PROBLEM DETAILS: Write out the entire listing below exactly, with the pictures left out.

DATA FOR ANALYSIS Block Start

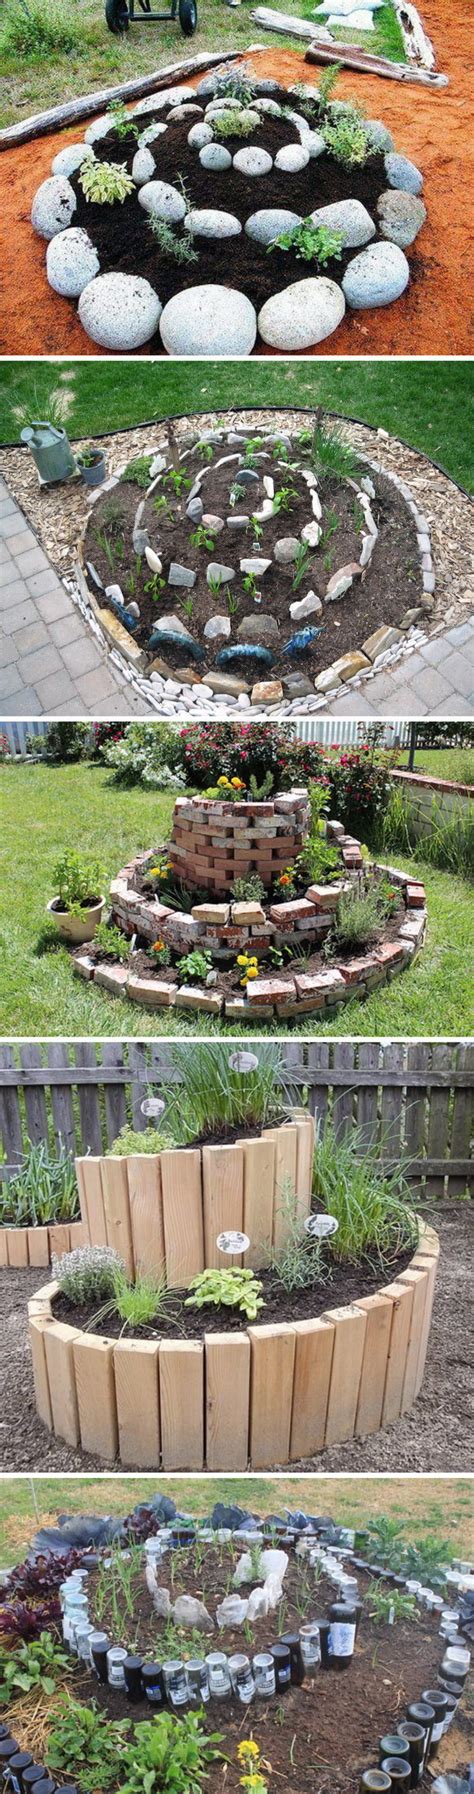 Last updated january 6, 2020. 20 Cool DIY Garden Bed and Planter Ideas | Styletic
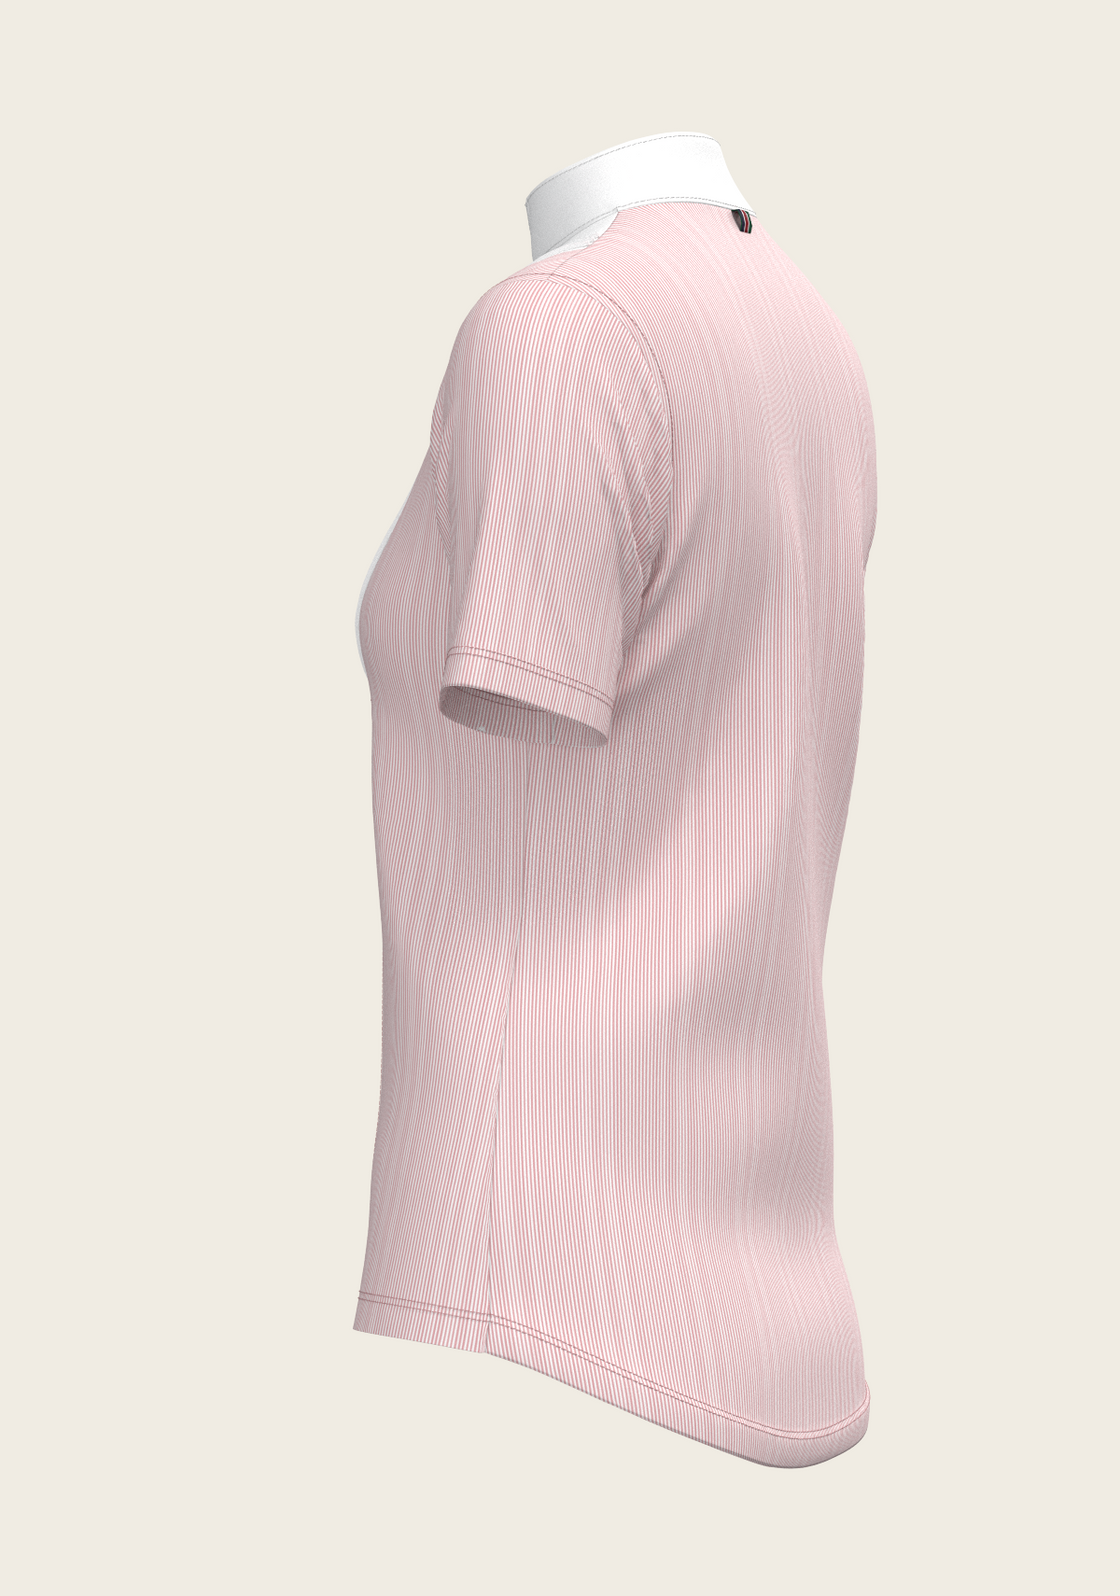 PRE ORDER • Stripes in Rose Short Pleated Short Sleeve Show Shirt
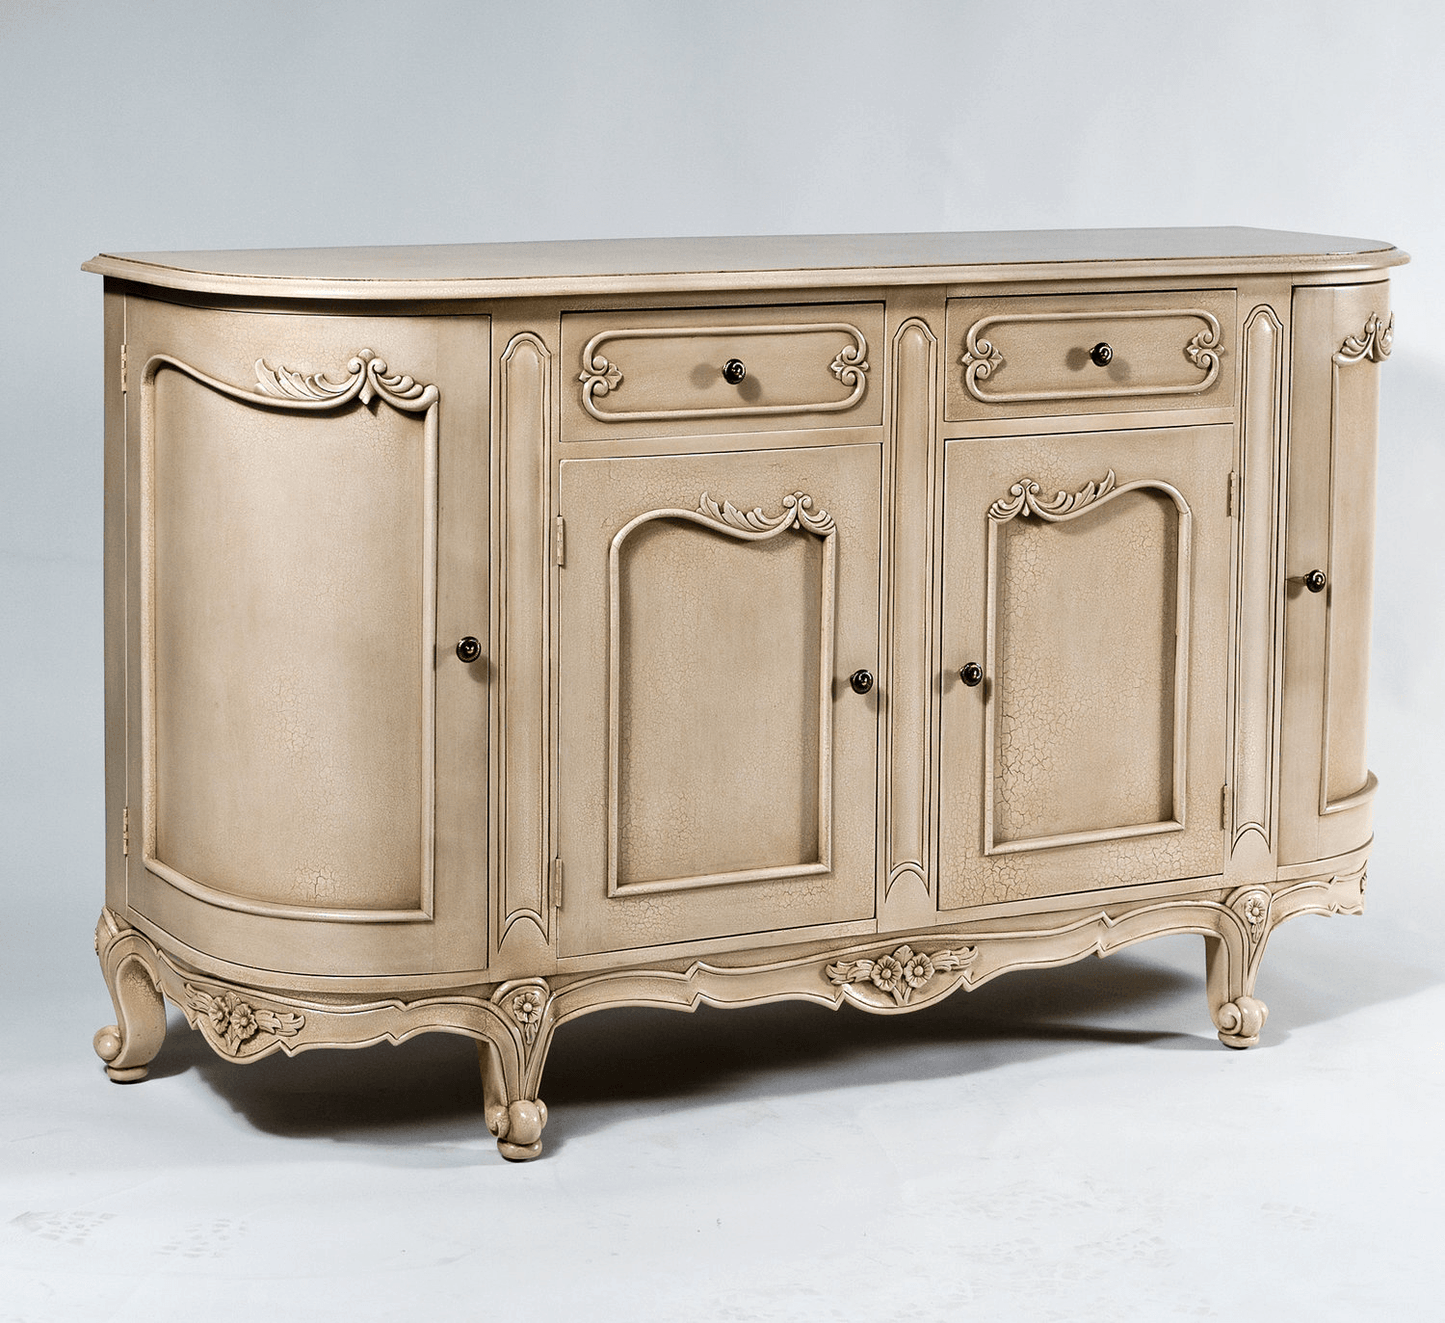 LOUIS XV STYLE SIDEBOARD - House of Chippendale
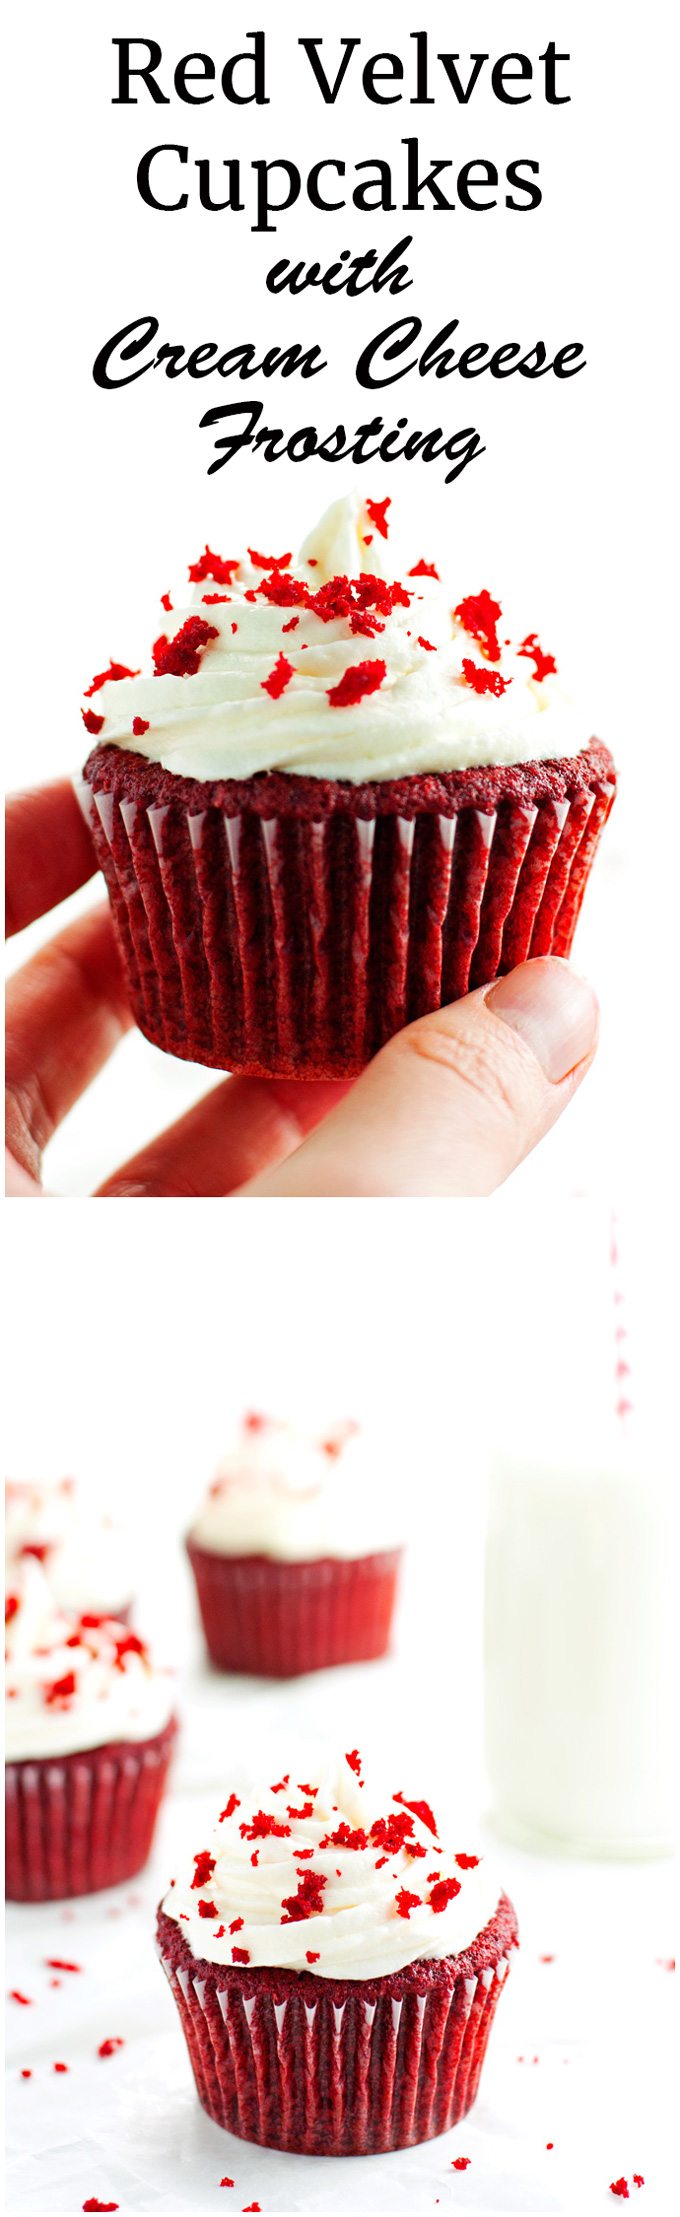 red velvet cupcakes topped with cream cheese frosting and cupcake crumbs. Ready to eat with a jug of ice cold milk
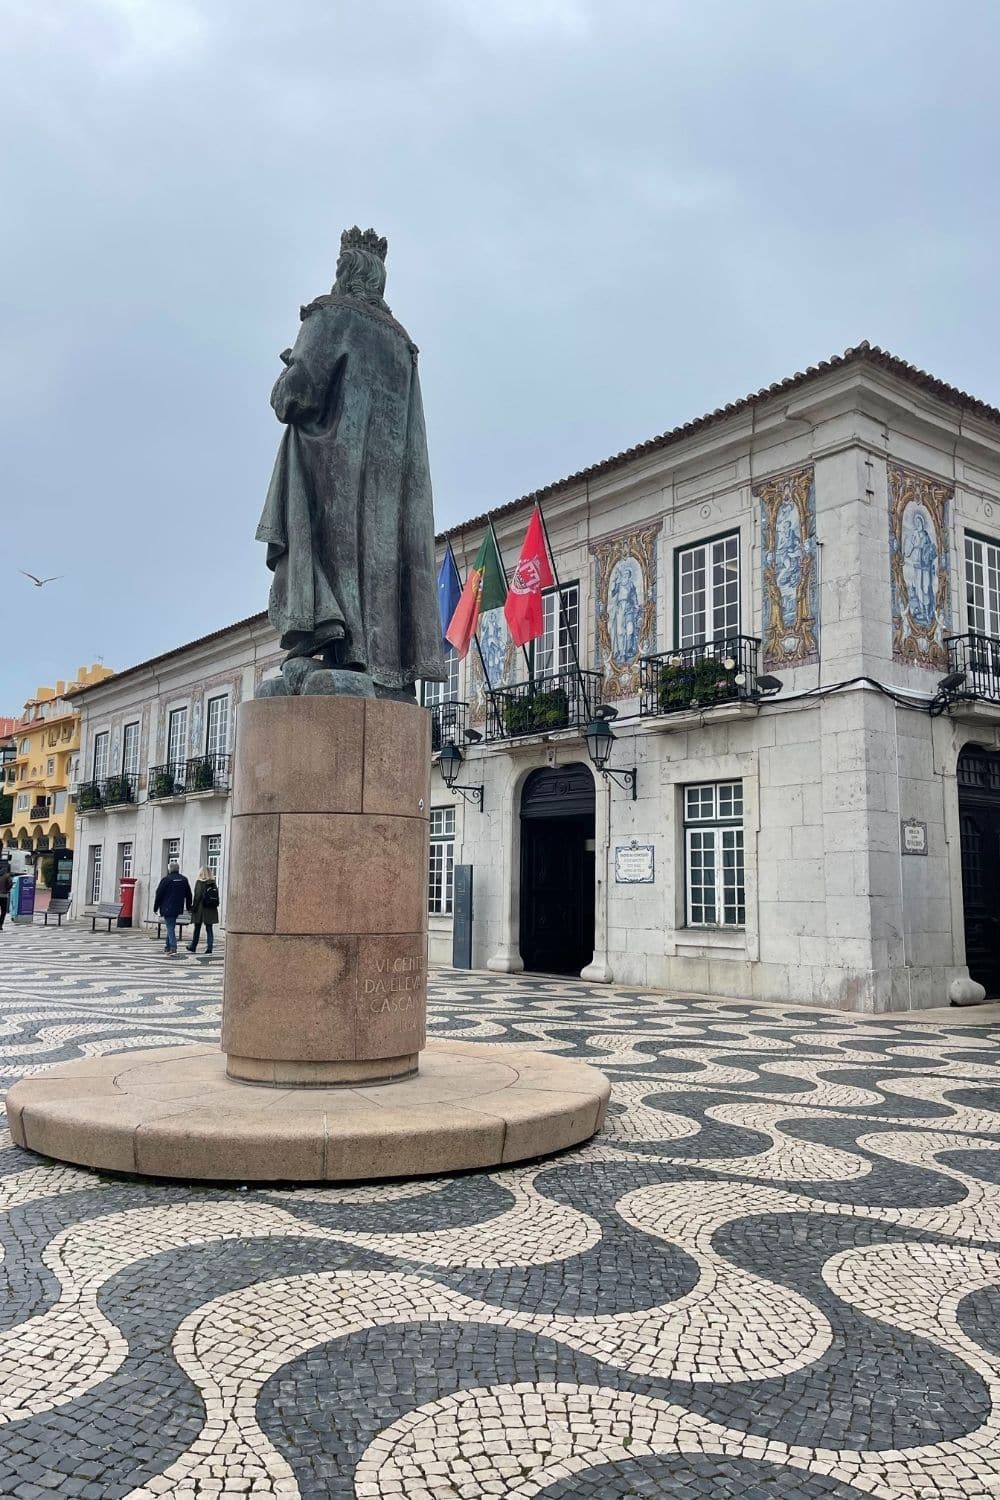 A historical bronze statue of a robed figure, presumably a significant local figure, on a stone pedestal, with an intricate mosaic pavement below. The statue is in a public square flanked by buildings with traditional Portuguese azulejo tiles and flags

DATA FOR ANALYSIS Block End

RESPONSE BELOW:
 Last updated january 6, 2020. 20 Cool DIY Garden Bed and Planter Ideas | Styletic
 PRE ORDER • Stripes in Rose Short Pleated Short Sleeve Show Shirt
 LOUIS XV STYLE SIDEBOARD - House of Chippendale
 red velvet cupcakes topped with cream cheese frosting and cupcake crumbs. Ready to eat with a jug of ice cold milk
 A historical bronze statue of a robed figure, presumably a significant local figure, on a stone pedestal, with an intricate mosaic pavement below. The statue is in a public square flanked by buildings with traditional Portuguese azulejo tiles and flags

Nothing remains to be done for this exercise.